> [The problem]: Word for word, copy the listing below and leave out its images.

> [Data]:
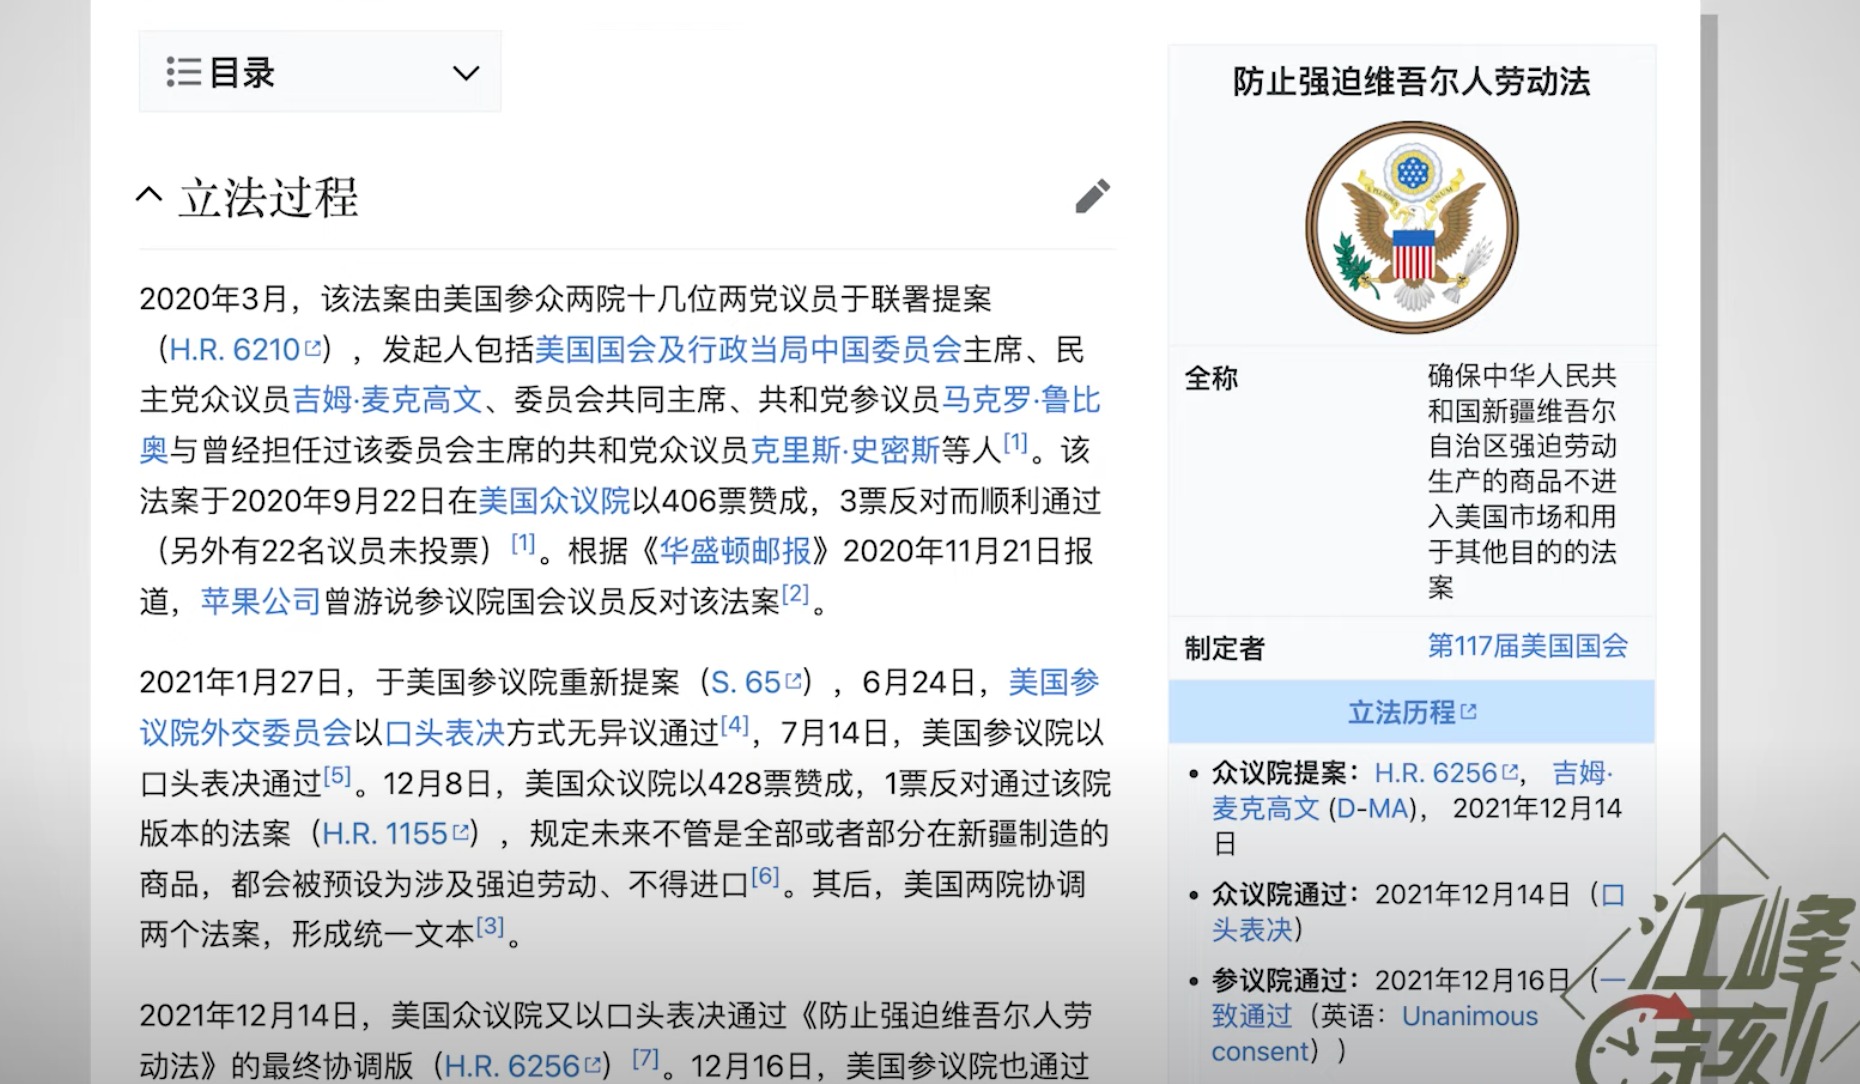 U.S. Xinjiang-related Laws
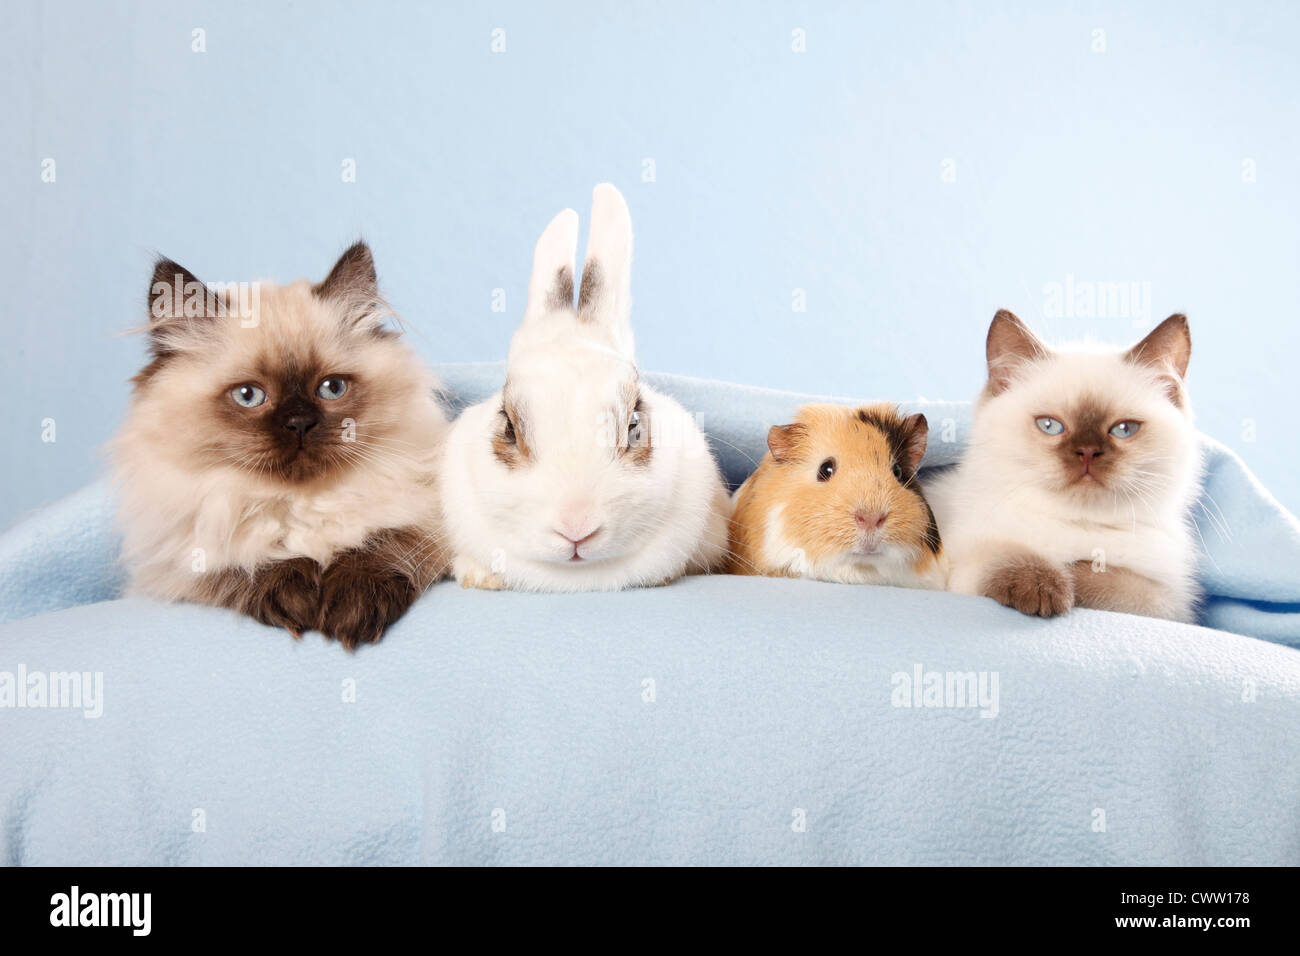 Katze & Kaninchen & Meerschweinchen / Katze, Hase und Guinea pig  Stockfotografie - Alamy
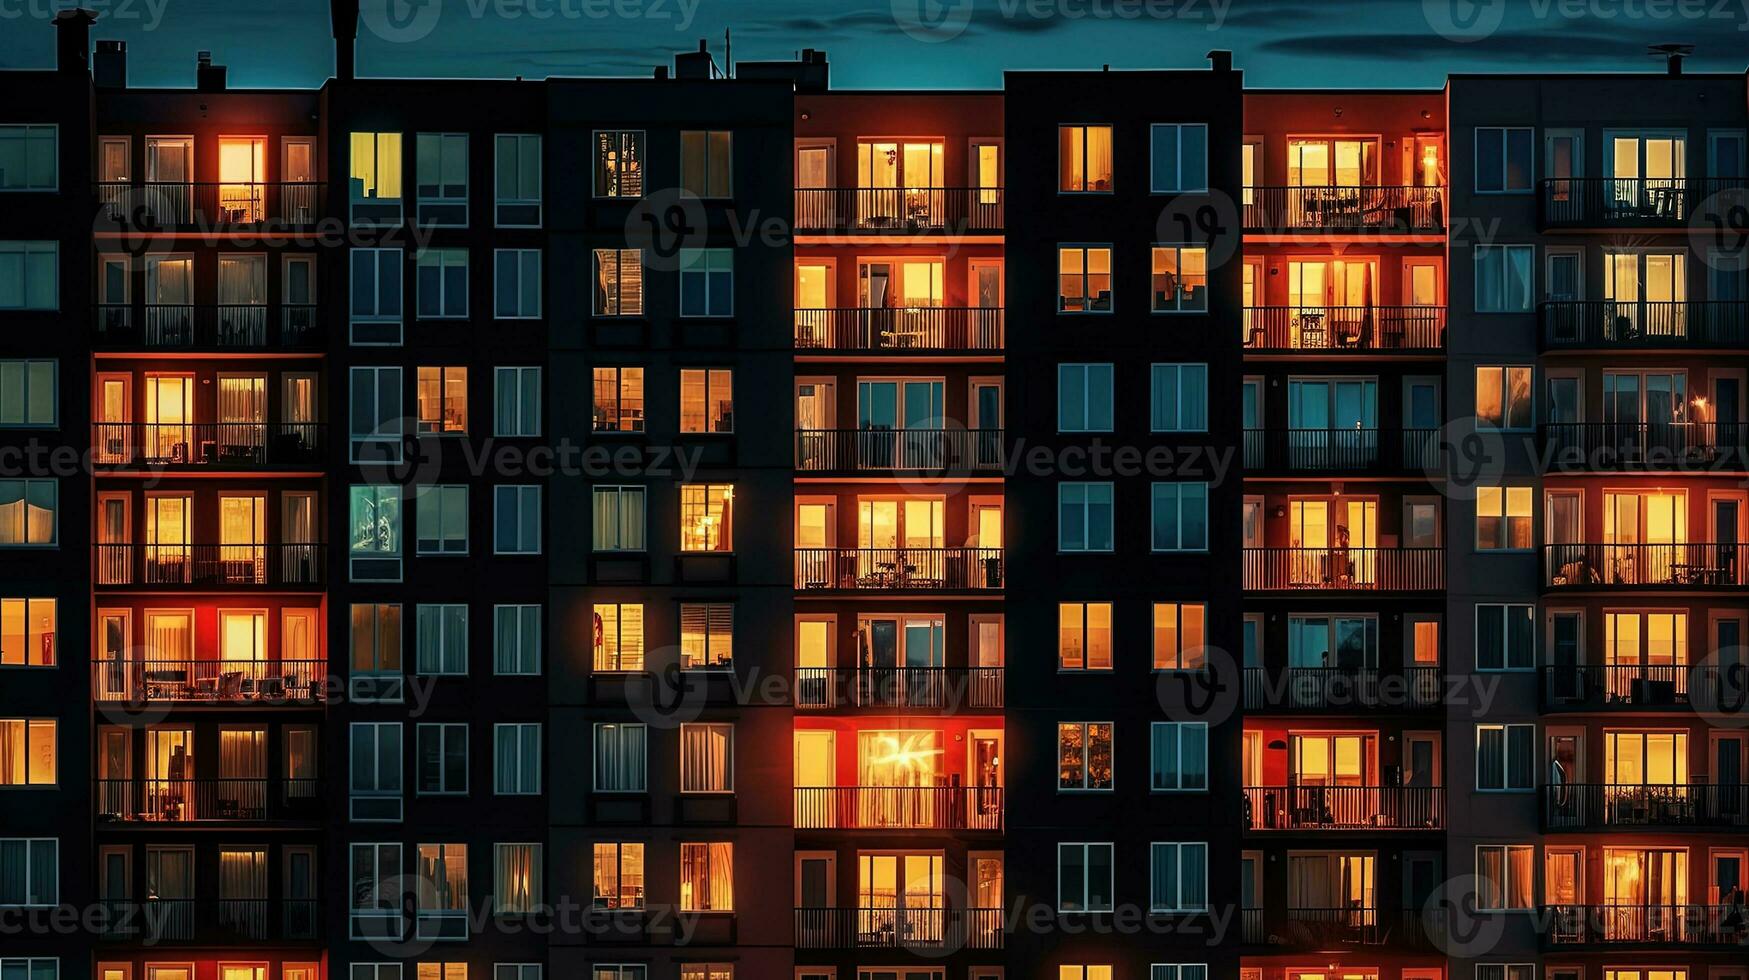 zündete Fenster von hoch Wohnung Gebäude beim Nacht städtisch Hintergrund. Silhouette Konzept foto

> [Expected answer]:
 U.S. Xinjiang-related Laws
 Katze & Kaninchen & Meerschweinchen / Katze, Hase und Guinea pig  Stockfotografie - Alamy
 zündete Fenster von hoch Wohnung Gebäude beim Nacht städtisch Hintergrund. Silhouette Konzept foto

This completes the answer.